Two forces of magnitude 4.ON ans 7.0N act on a small object b. The angle btw the direction along which the force is 50 degree.determine the magnitude *nd direction of d resultant force on d body b.
Two forcws of magnitud4.0N and 7.0N act on a small object B. The angle between the directions along which forces act is 50°
Determine the magnitude and direction of the resultant force on tha body B by means of a scale diagram
To find the magnitude and direction of the resultant force on object B, you can use vector addition.
1. Begin by breaking down each force into its x and y components.
Force 1 (4.0N):
- Horizontal Component: 4.0N * cos(50°)
- Vertical Component: 4.0N * sin(50°)
Force 2 (7.0N):
- Horizontal Component: 7.0N * cos(0°)
- Vertical Component: 7.0N * sin(0°)
Note: The angle for Force 1 is given as 50°, and for Force 2 as 0°, representing the direction of the forces.

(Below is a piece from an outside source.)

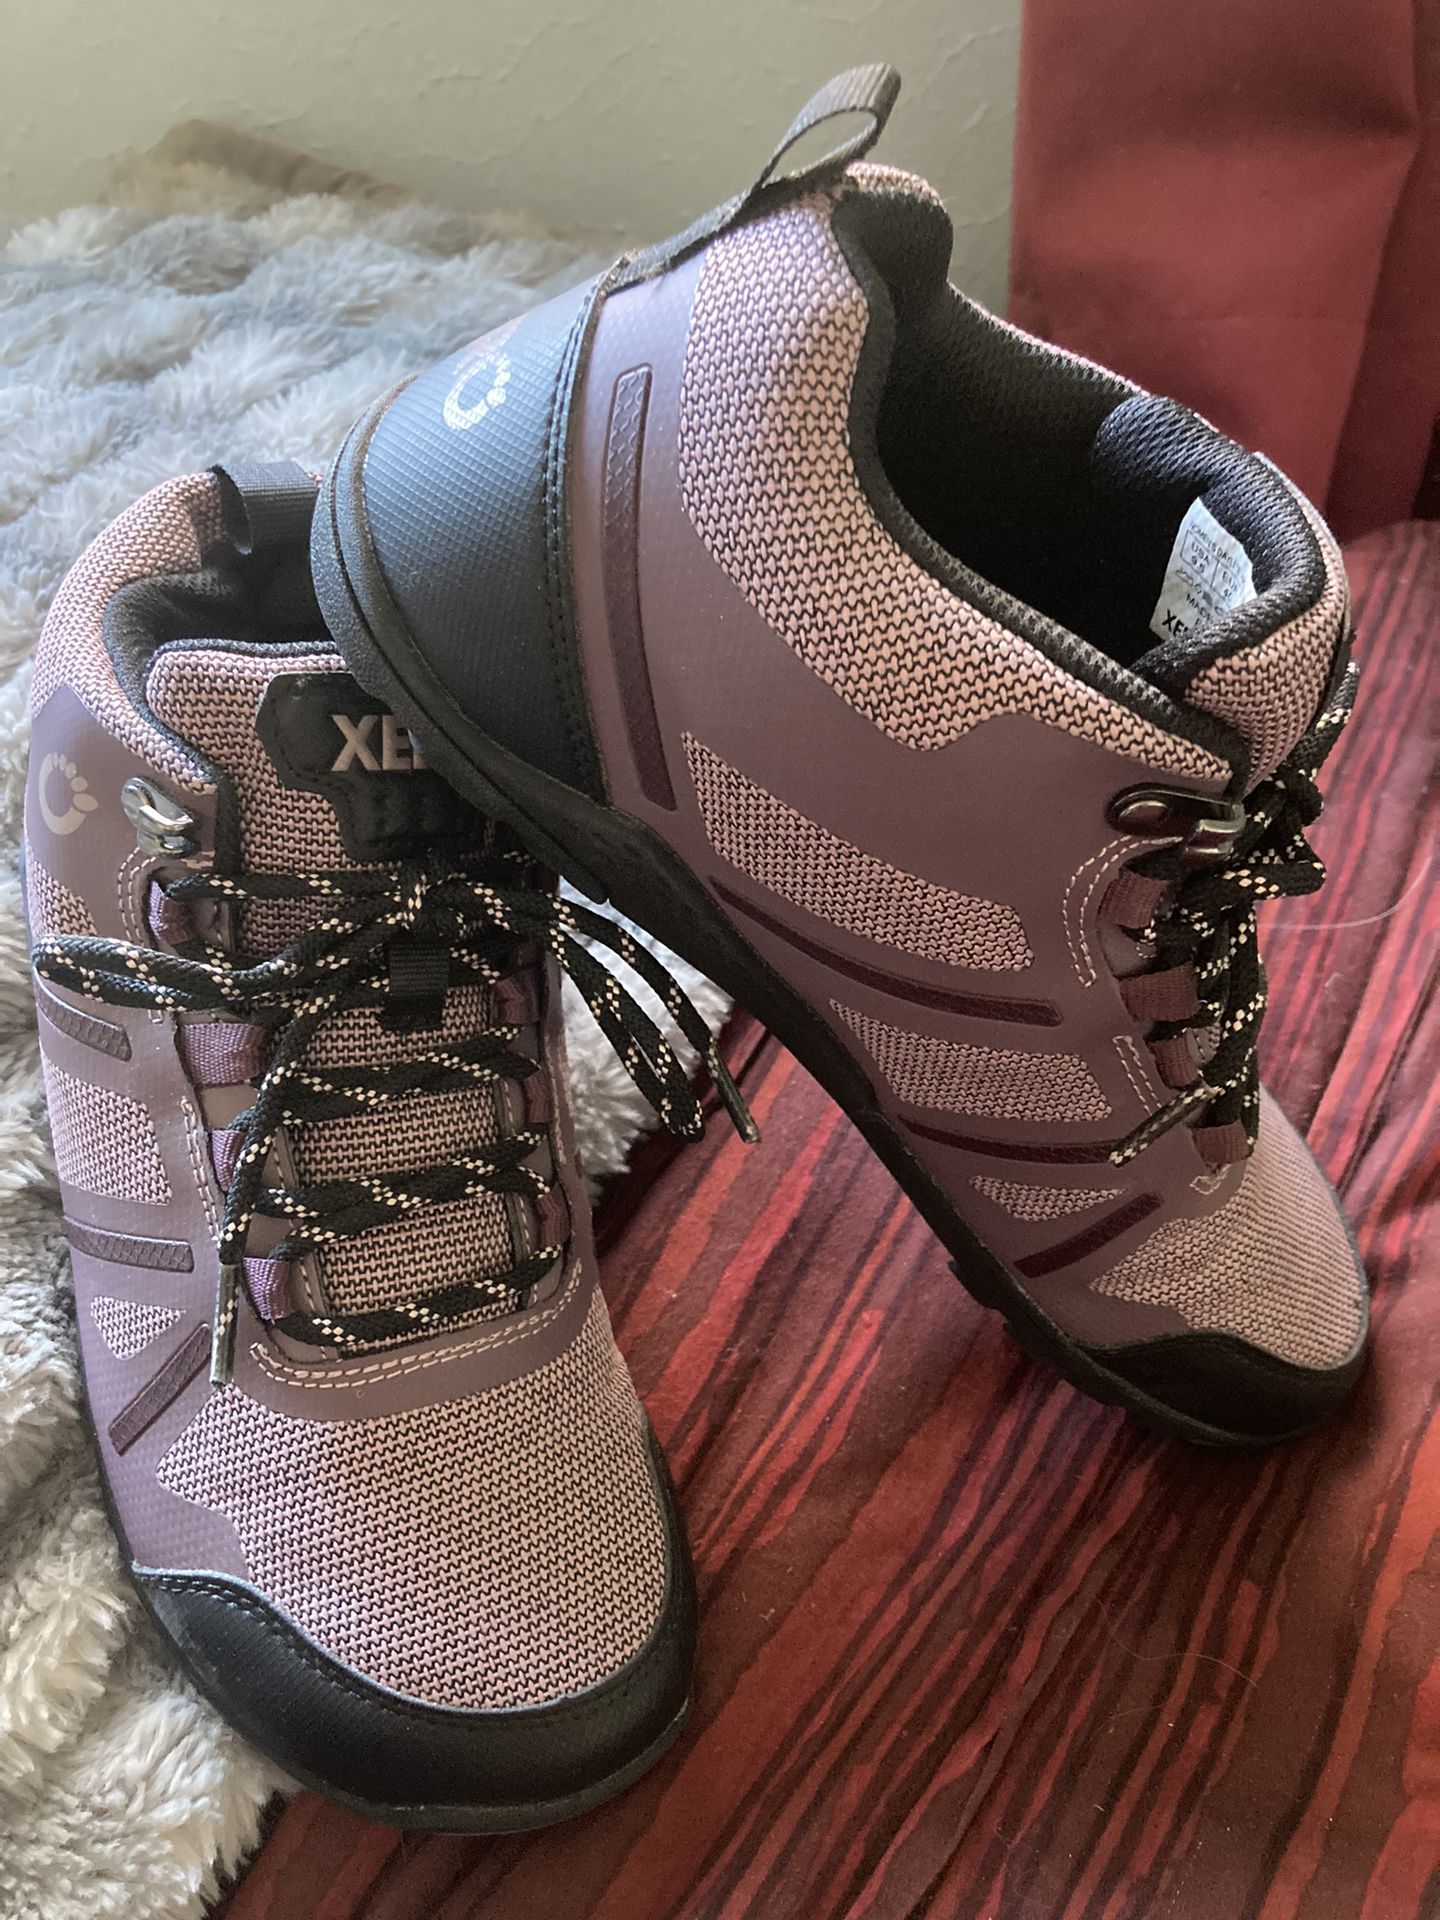 BRAND NEW Xero Hiking Boots
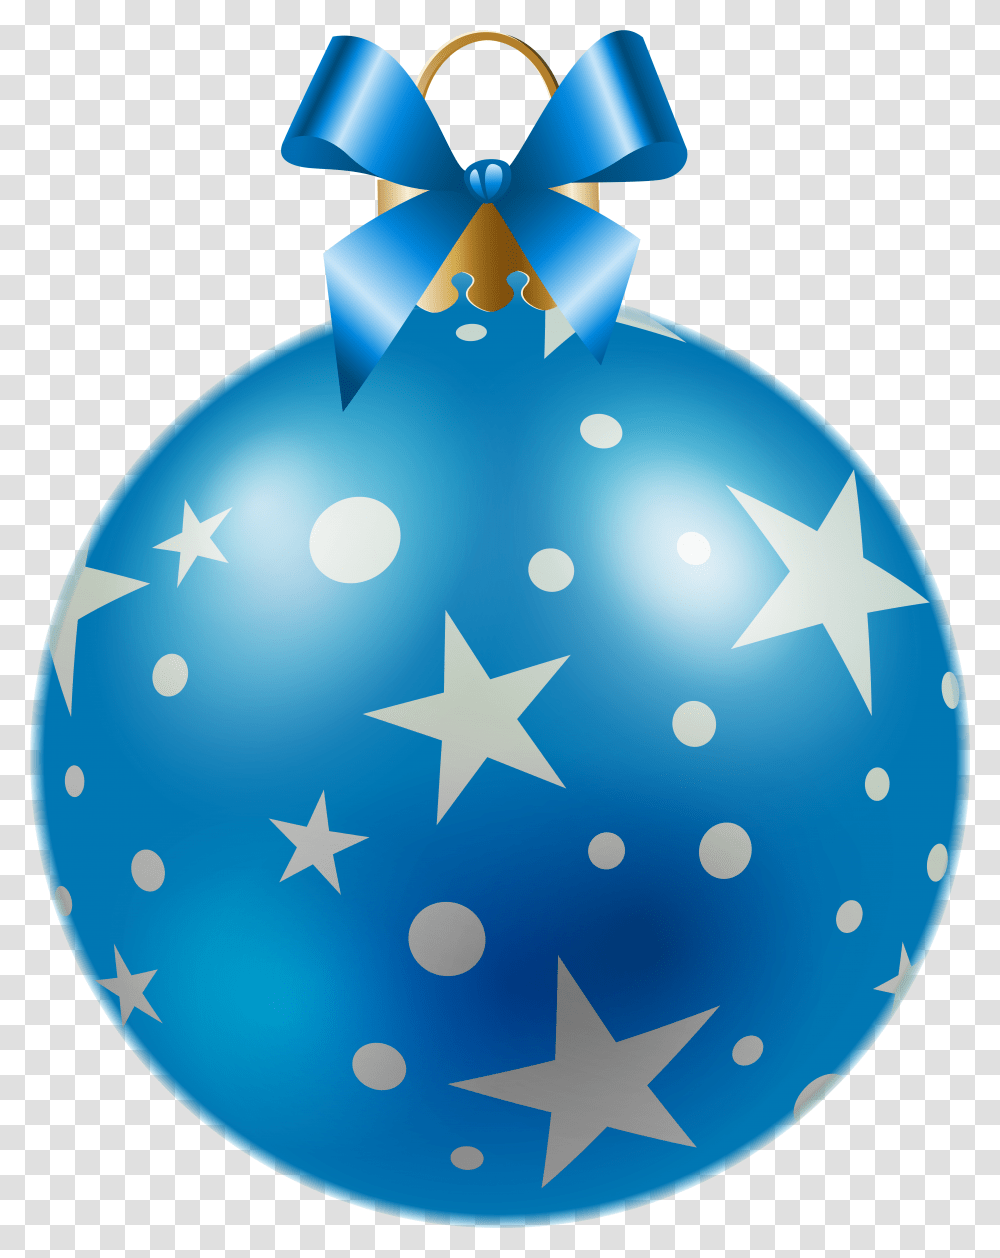 Green Christmas Ribbon Cores Da Bandeira Do Estado De Sergipe, Ornament, Star Symbol, Ball Transparent Png

2. Sum up the horizontal and vertical components of the forces separately.
Horizontal Component total: Horizontal Component of Force 1 + Horizontal Component of Force 2
Vertical Component total: Vertical Component of Force 1 + Vertical Component of Force 2
3. Find the magnitude of the resultant force using the Pythagorean theorem.
Magnitude of Resultant Force = √(Horizontal Component total^2 + Vertical Component total^2)
4. Determine the direction of the resultant force using inverse trigonometric functions.
Direction θ = tan^(-1)(Vertical Component total / Horizontal Component total)
This will give you the magnitude and direction of the resultant force.
You have to add the forces. You did not say how the forces are acting, are both pushing, or not?
Assume pushing on the object..
let the 4N be on the x axis, toward the center.
f1=-4N x
F2=-(7N*cos50 x )-(7N*sin50)y
add them.